*WHAT YOU SHOULD DO*. Without any of the pictures, transcribe all the lines below exactly.

*DATA EXTRACT*.
────
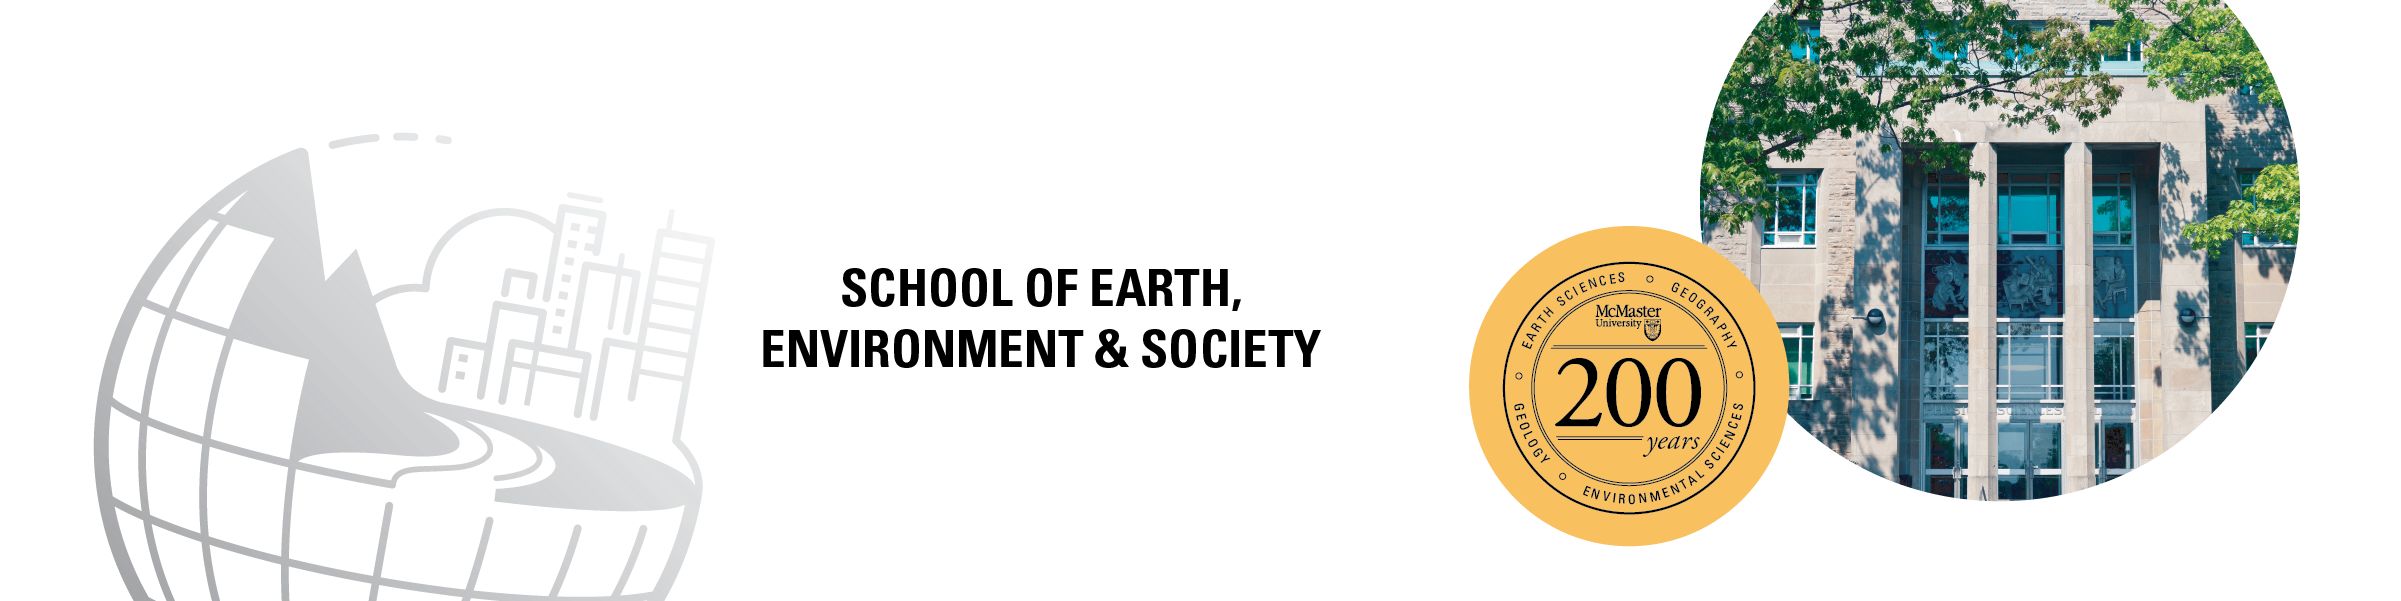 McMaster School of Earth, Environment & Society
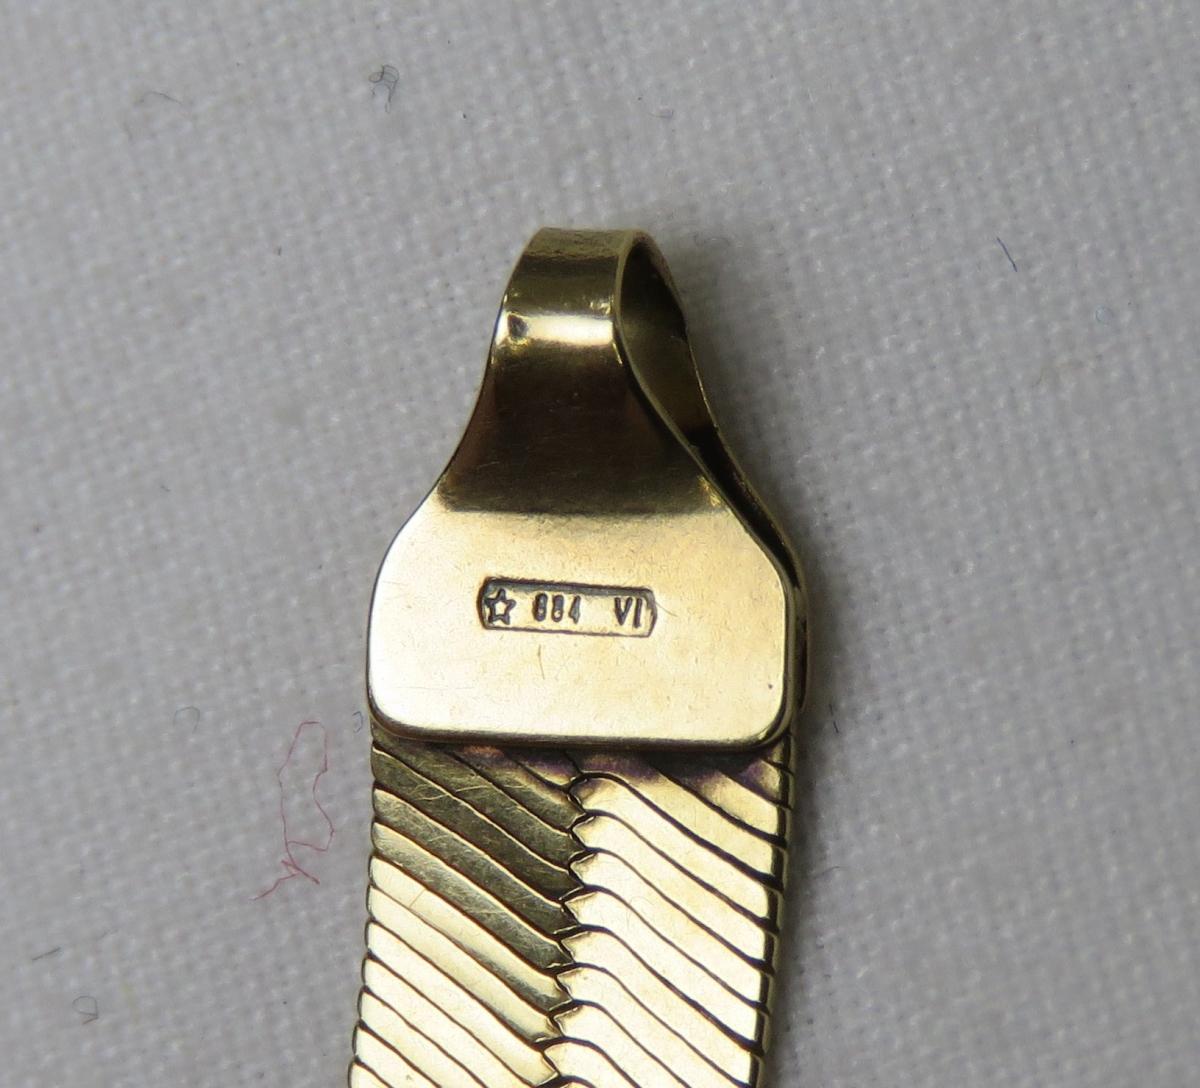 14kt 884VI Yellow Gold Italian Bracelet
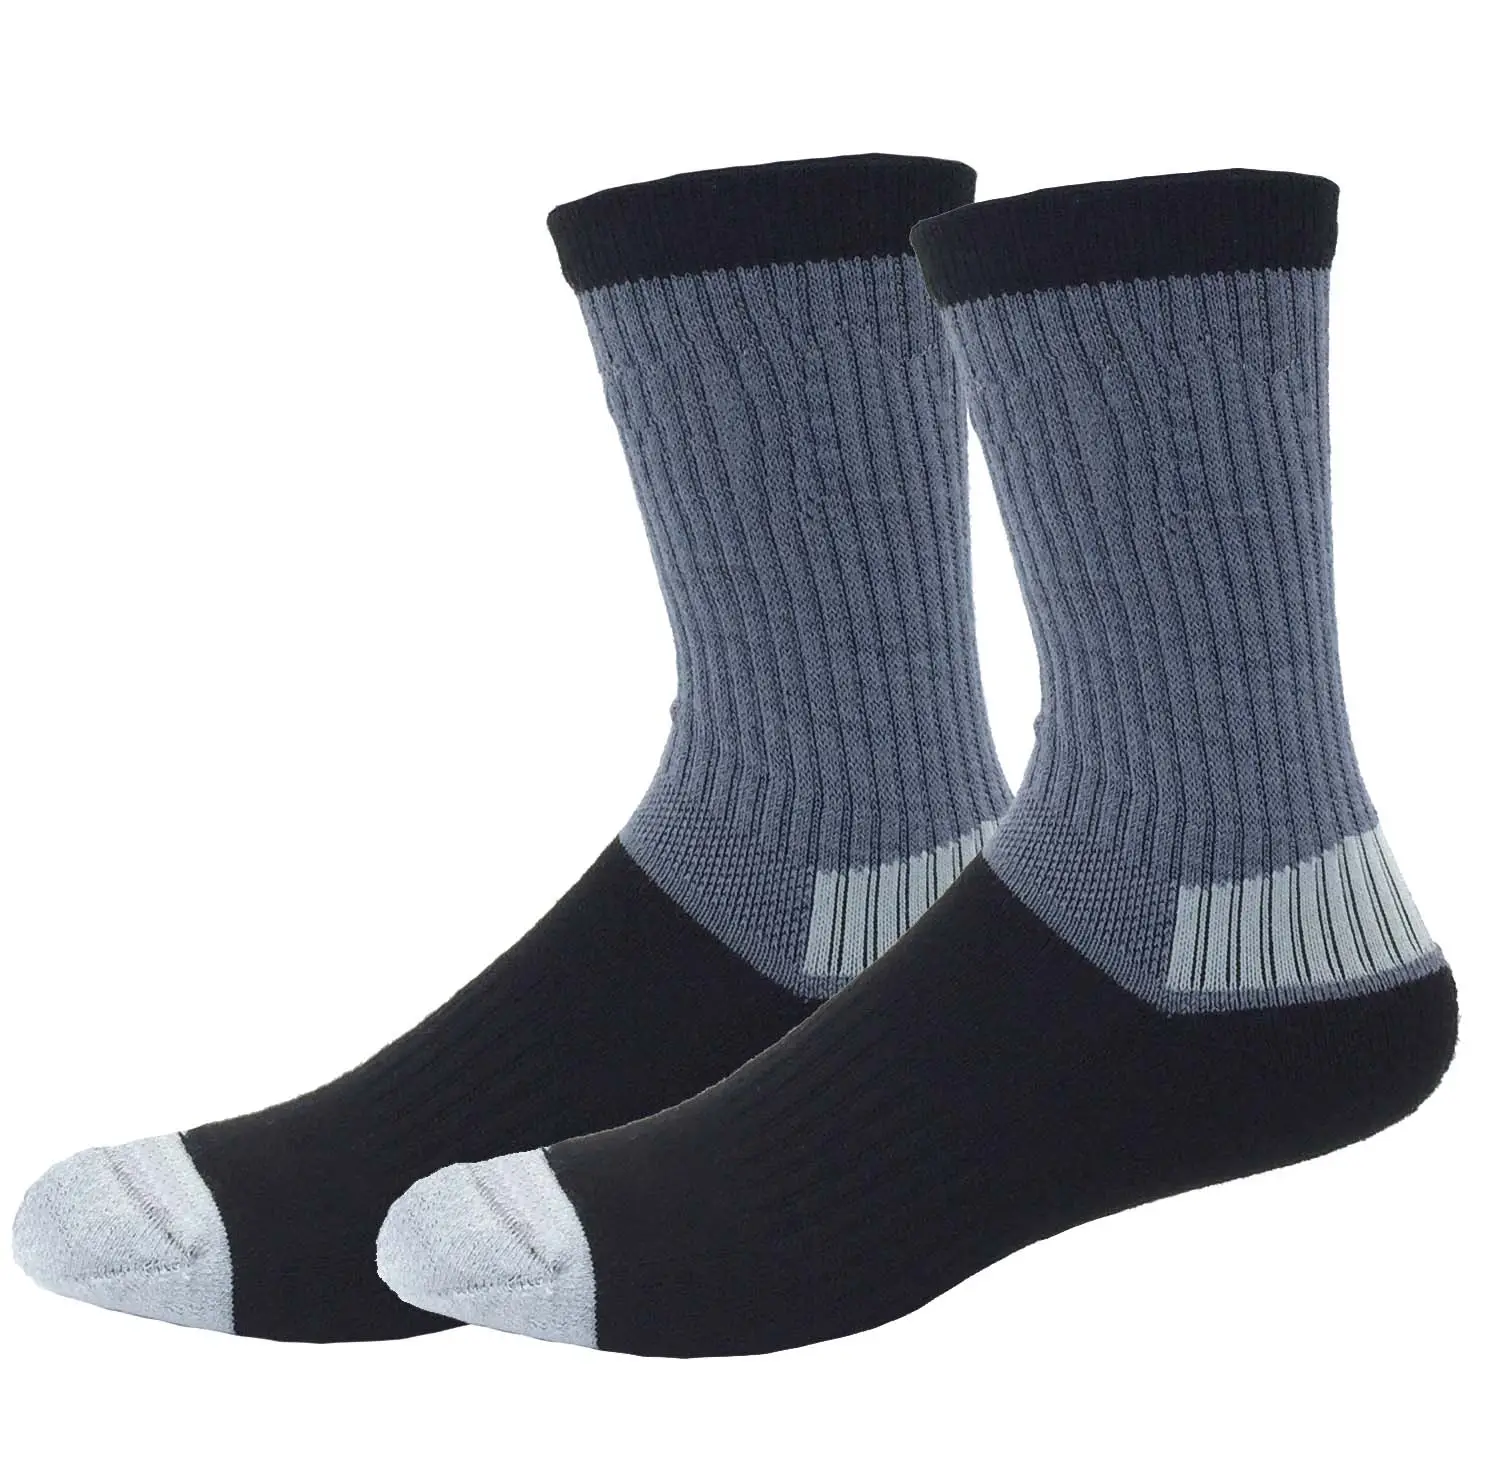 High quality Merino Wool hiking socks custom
────
*TASK SOLUTION*.
 McMaster School of Earth, Environment & Society
 14kt 884VI Yellow Gold Italian Bracelet
 High quality Merino Wool hiking socks custom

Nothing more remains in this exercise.